In this case, Russia will lift its moratorium and will resume
implementing the treaty, which it ratified in 2004.
Moscow is not satisfied with the response of its partners in the
treaty. The West keeps criticizing Russia for its failure to abide by
the 1999 Istanbul agreements. Russia has recently removed its
military bases from Georgia – ahead of schedule, but it still has
peacekeepers in Abkhasia and South Ossetia. It also has peacekeepers
in Transdnestr, as well as a small contingent guarding an ammunition
depot.
NATO keeps voicing its concern in this connection, pleading the
Istanbul agreements. Moscow replies that the Istanbul agreements did
not imply the withdrawal of troops by a certain date. They only
provide for a relevant agreement, for instance with Georgia, where
Russia only has peacekeepers rather than bases, which is a
fundamental difference. Withdrawal of peacekeepers is linked with the
settlement of the relevant conflicts rather than the CFE Treaty.

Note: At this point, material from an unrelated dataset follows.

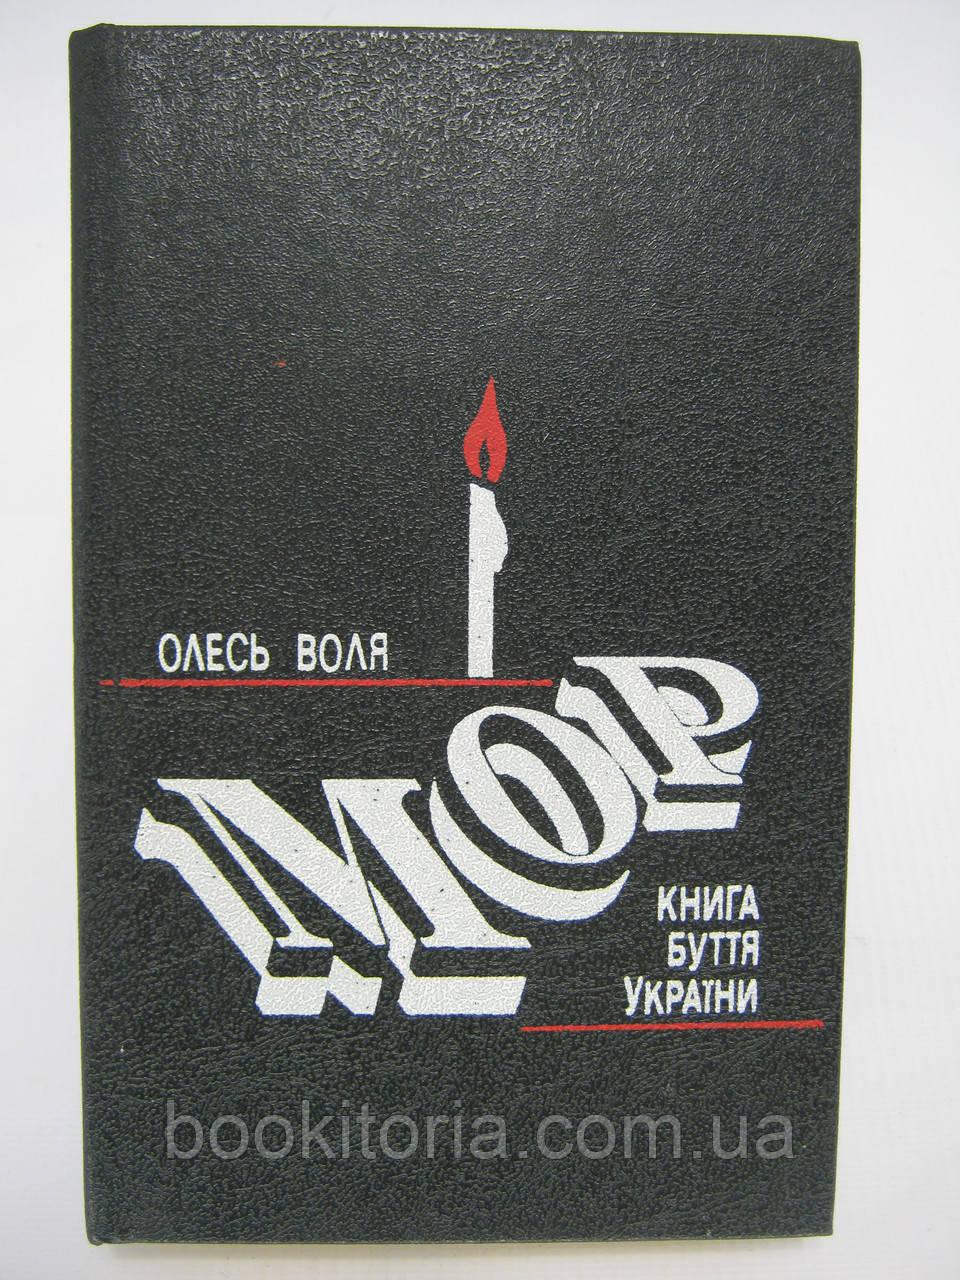 Воля О. Мор. Книга буття України (б/у).

In general, Russia does not believe that NATO has serious grounds for
not ratifying the new draft of the CFE Treaty and considers its
adamant refusal to do so as an attempt to conduct policy from a
position of strength, all the more so since NATO is expanding
eastward, closer to Russia’s borders and increasing its conventional
forces superiority. So the CFE Treaty is only a hindrance to it.

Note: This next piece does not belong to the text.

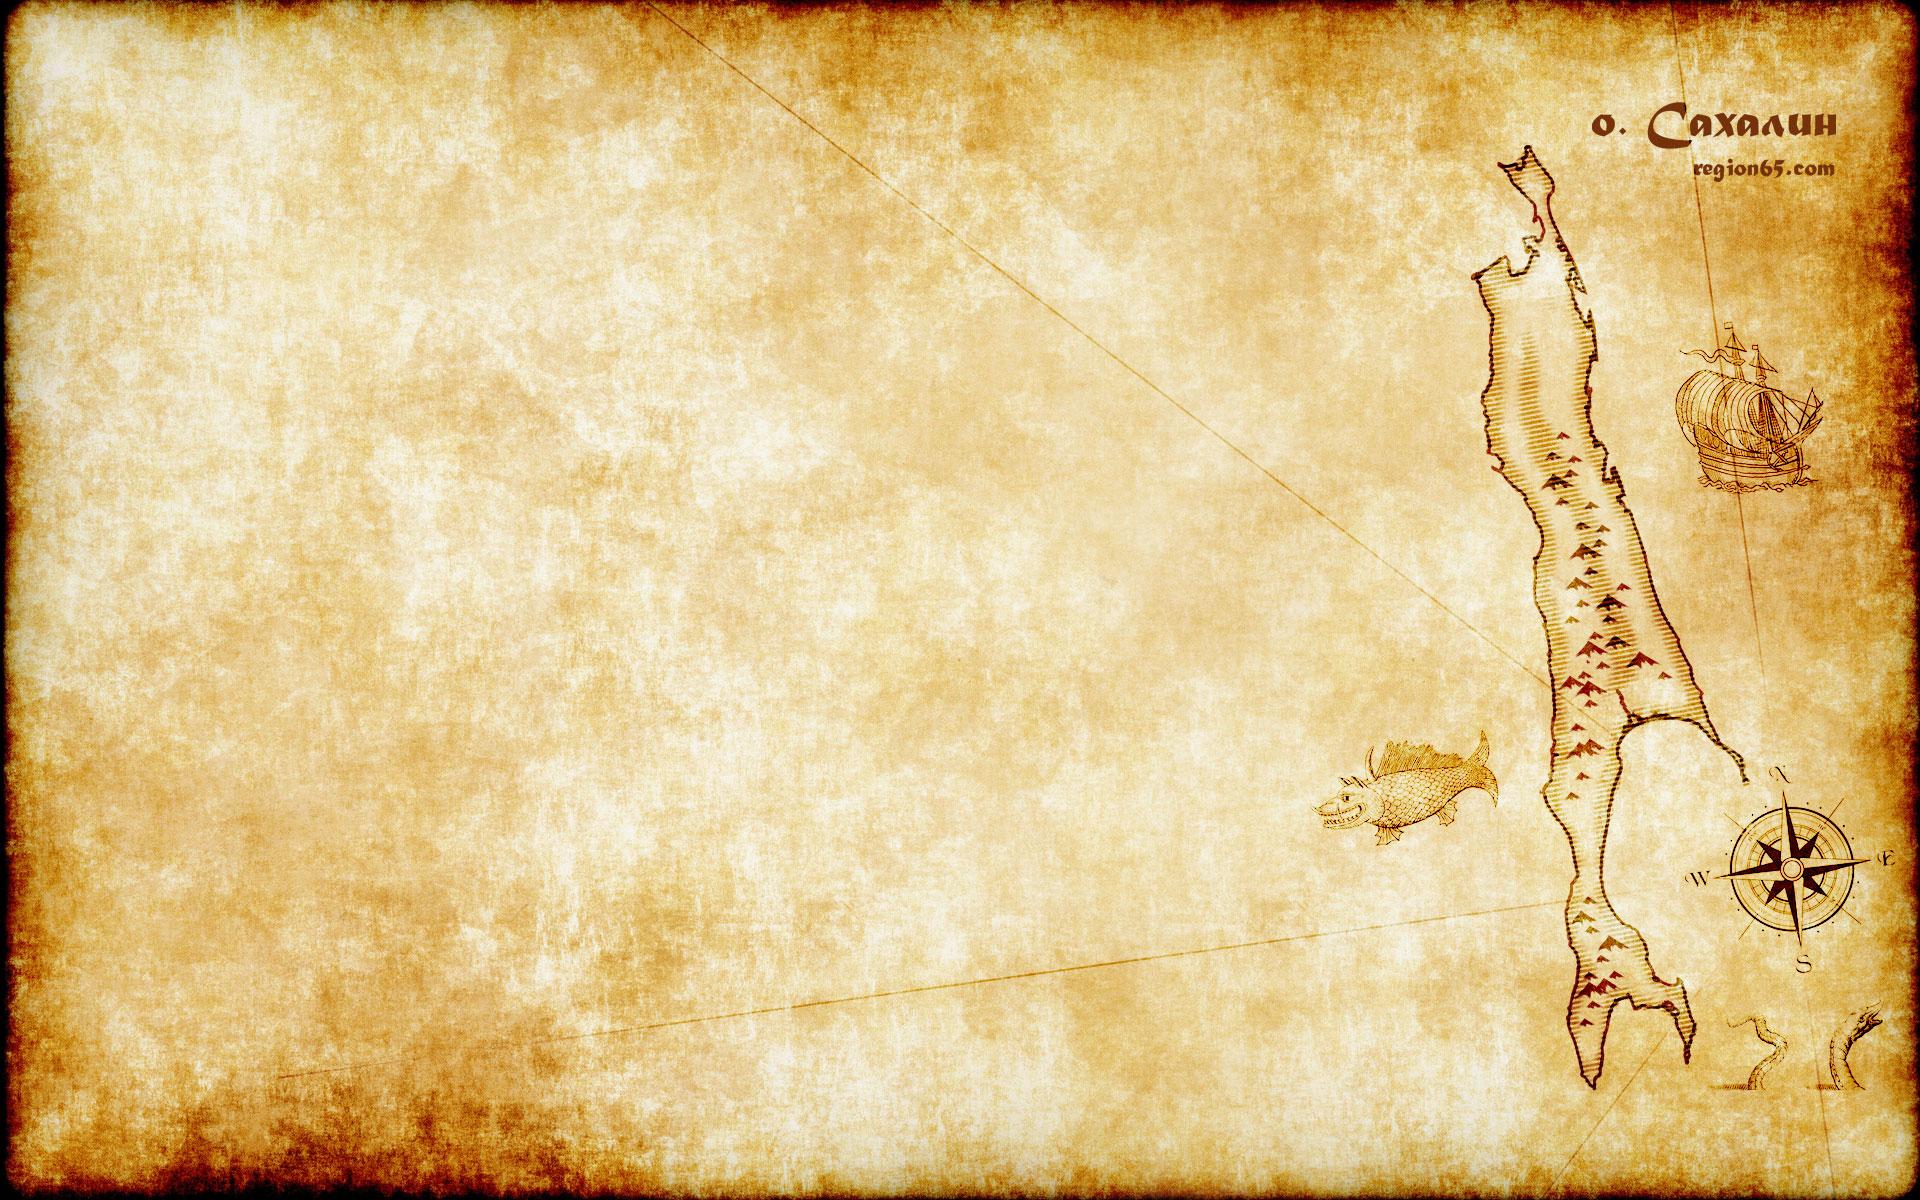 Карта Сахалина на рабочий стол скачать бесплатно

In turn, Moscow does not find the CFE Treaty in its 1999 version
quite suitable. In its opinion, it is merely a step toward the
formation of a more stable and equitable system of confidence and
security in Europe. But Russia still ratified it in 2004 in the hope
that it will be supplemented by a number of important conditions,
which it advanced on a special CFE session last summer. If NATO
countries ratified the adapted treaty as it is, these conditions
could be discussed later.
What would happen if the West continues ignoring Moscow’s signals? In
this case, Russia will stop granting information on conventional
force deployment, receiving NATO inspections, and abiding by the
flank restrictions. If deemed necessary, additional troops will be
deployed in the Caucasus, say, in Armenia (exclusively as an
example). But we won’t violate the CFE-imposed limits on conventional
arms. We do not have such plans and we are not in a position to
surpass these limits, judging by the acquisition of conventional arms
by our forces.
Our primary concern is NATO’s eastward expansion. Russia also makes
wrong signals from time to time, which aggravates the situation, but
NATO is still the main problem. Its policy is making both the
original and the adapted CFE Treaty versions pointless. NATO could
ease Moscow’s concern by promising not to exceed, during its
expansion, the aggregate ceilings for arms imposed by the treaty in
1990 on its 16 members. But instead it is simply pocketing the arms
quotas, which were originally allocated to the Warsaw Pact and the
Soviet Union. This is the root of all the problems with the CFE
Treaty.
Russia has many more reasons to walk out of the treaty than the
United States had for withdrawing from the ABM Treaty in 2002. But
Moscow is not rushing to burn the bridges and hopes that the West
will display common sense.
Alexei Arbatov is a member of the research council of the Moscow
Carnegie Center
The opinions expressed in this article are the author’s and do not
necessarily represent those of RIA Novosti.